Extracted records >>
* * * * * * * * *

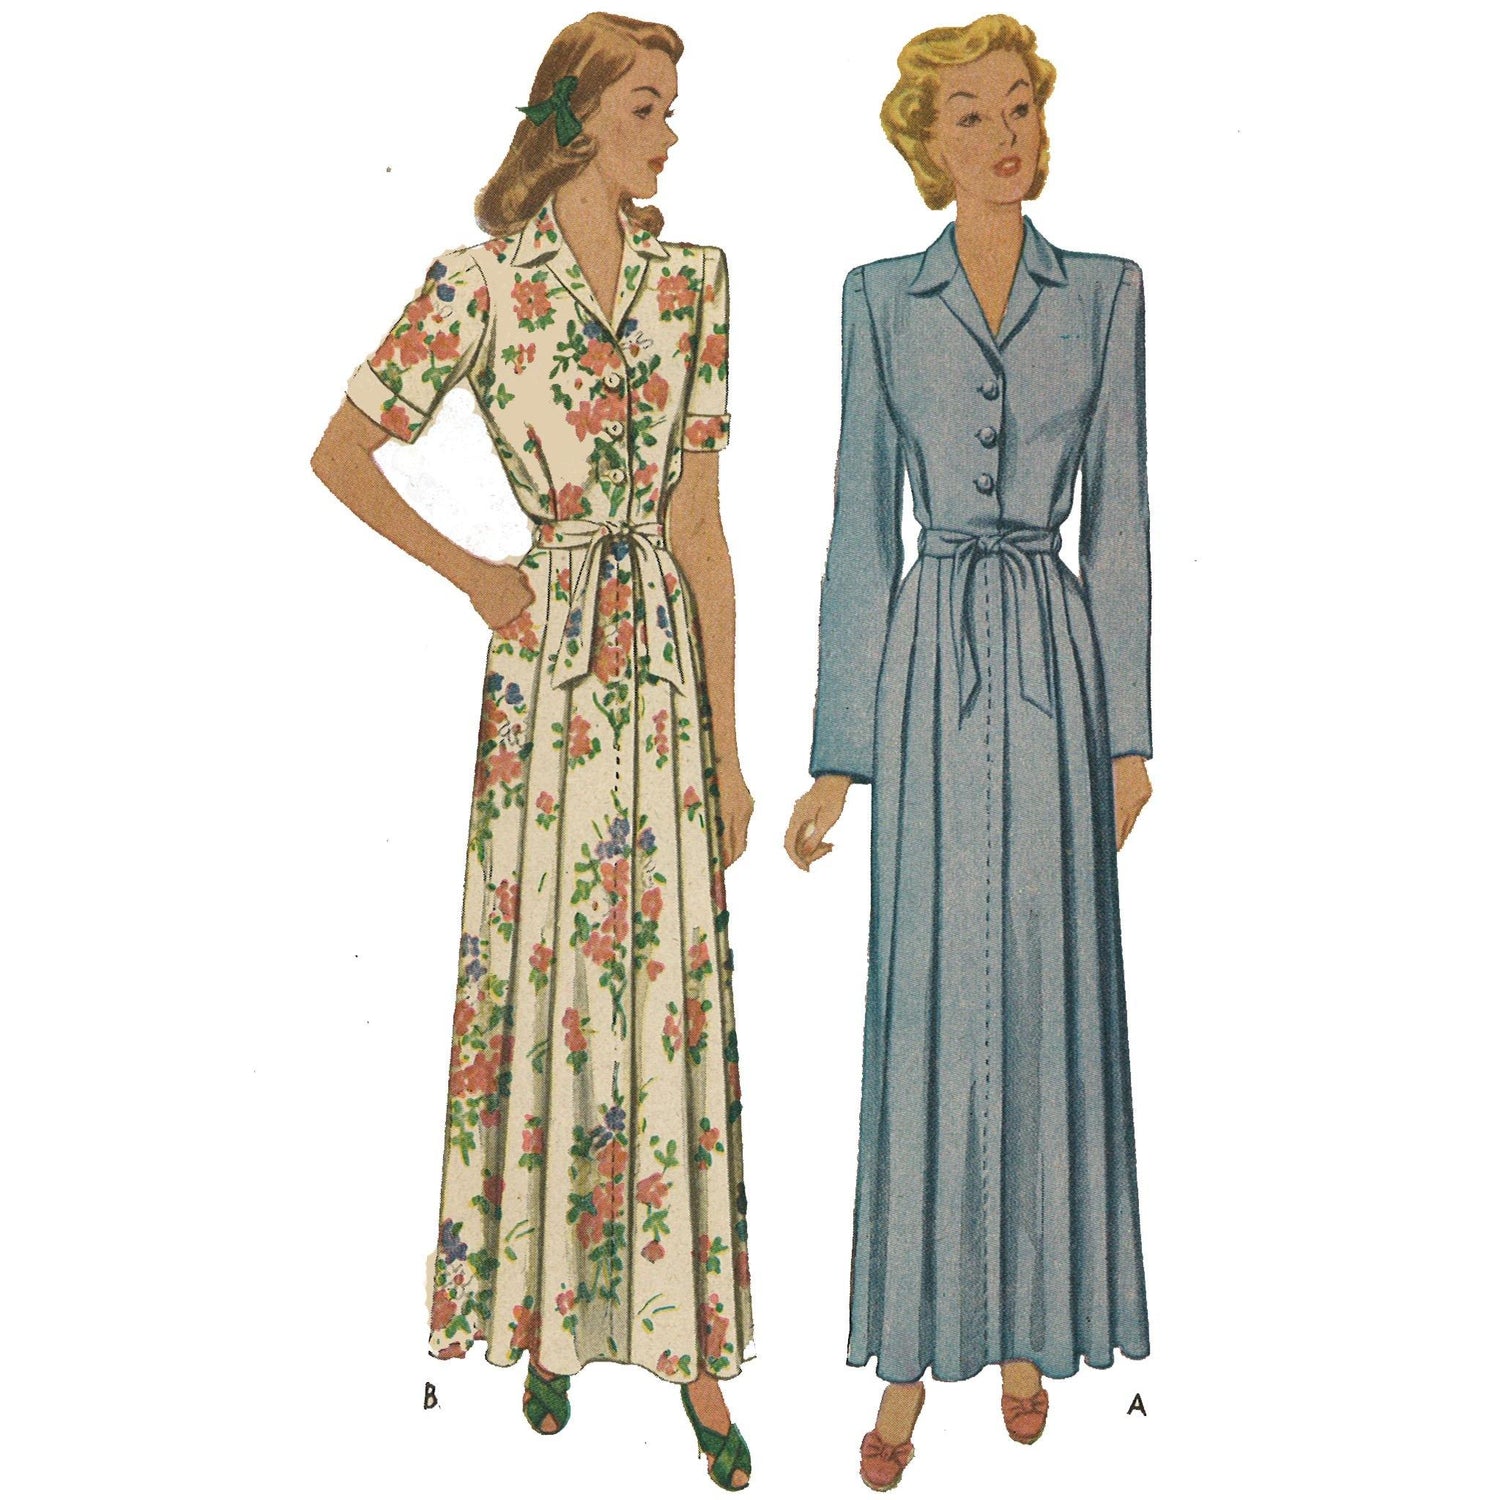 Women wearing 1940s dressing gown
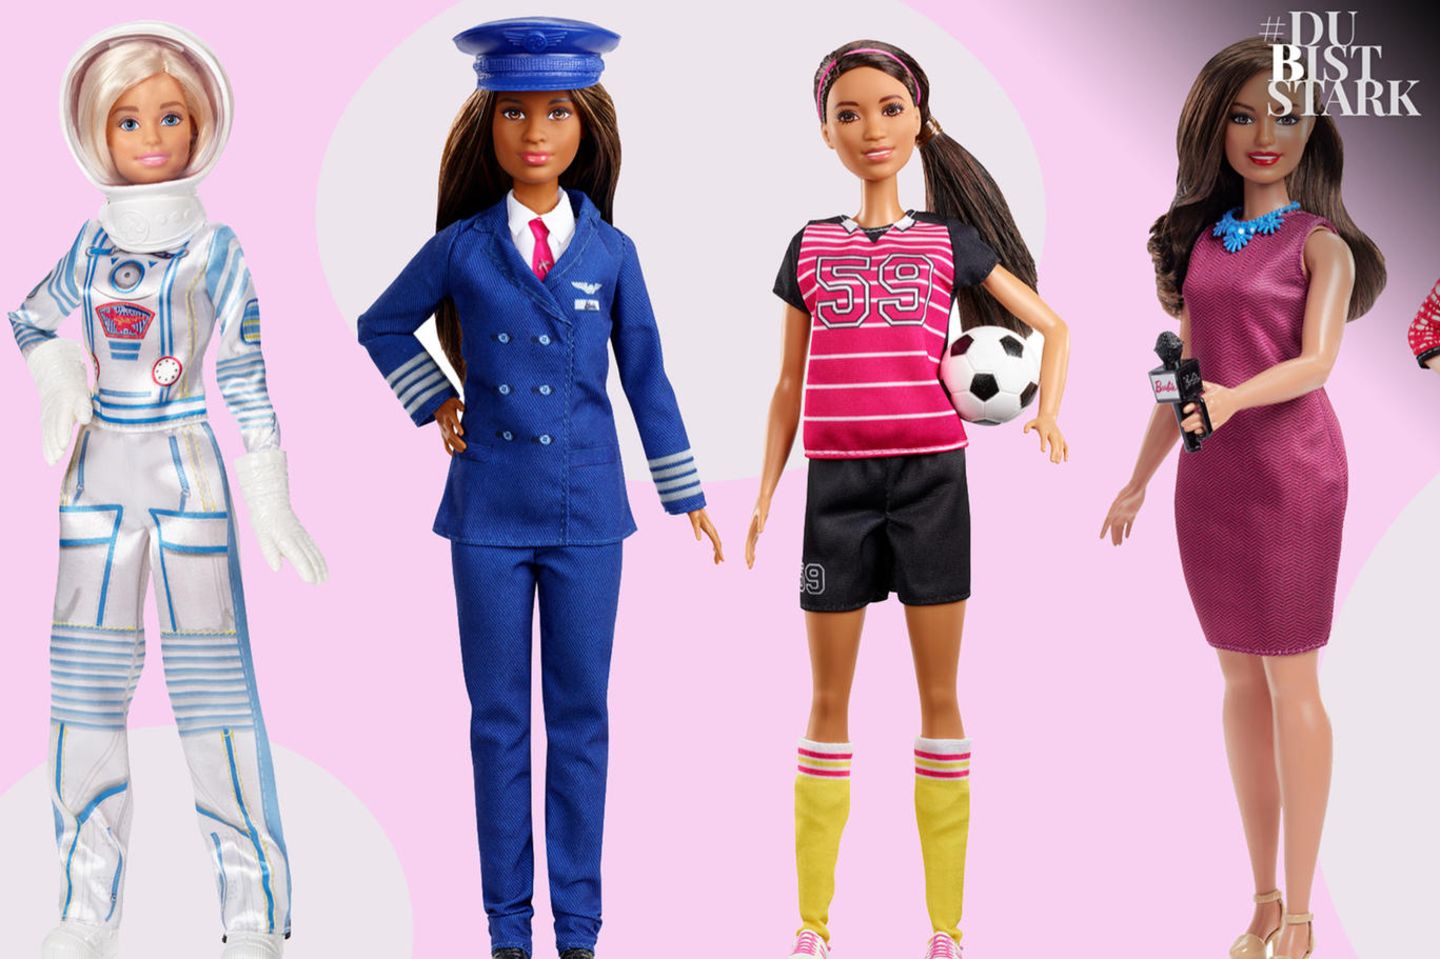 Barbie als Powerfrau
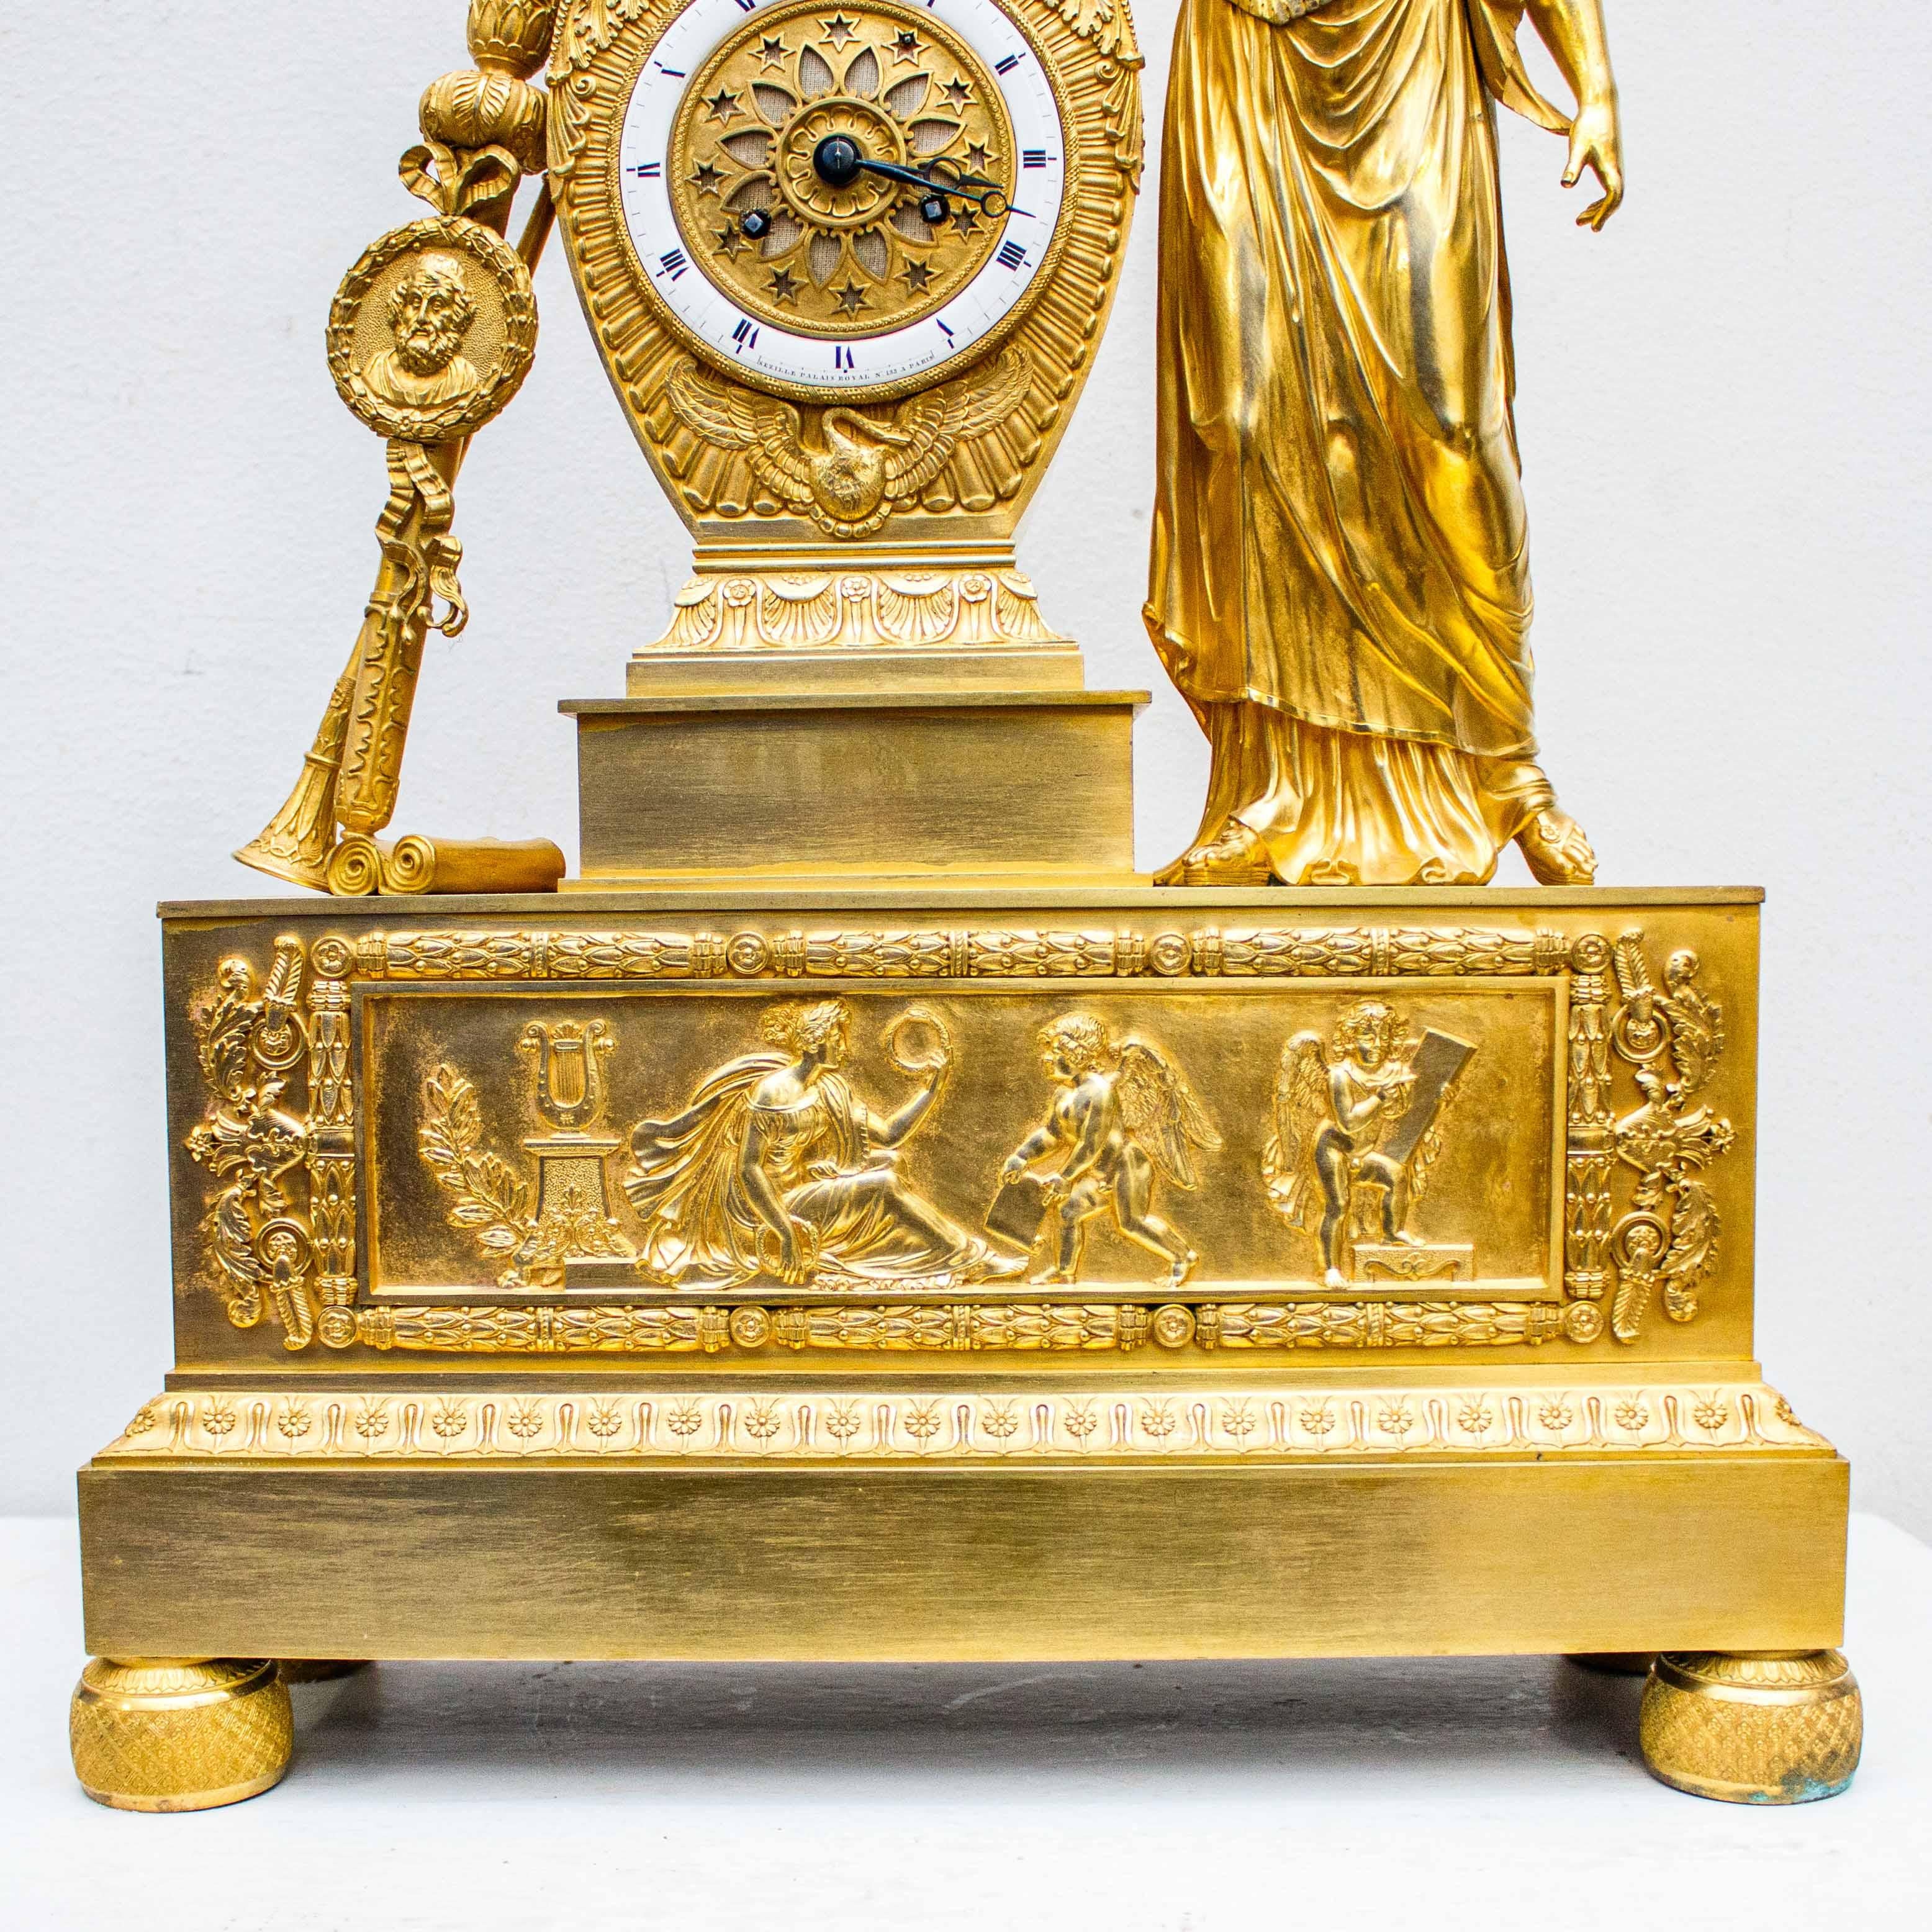 Frankreich, um 1810 -1820

Tischuhr mit Dienstmädchen

Quecksilber, vergoldete Bronze, Alt. cm 59,5 x 40,5 x 13

Signiert im Quadranten

* * * * * * * * *

Problem description >> Write all the lines above out again exactly, minus the images.

Response box >>
 Women wearing 1940s dressing gown
 Barbie als Powerfrau
 Frankreich, um 1810 -1820

Tischuhr mit Dienstmädchen

Quecksilber, vergoldete Bronze, Alt. cm 59,5 x 40,5 x 13

Signiert im Quadranten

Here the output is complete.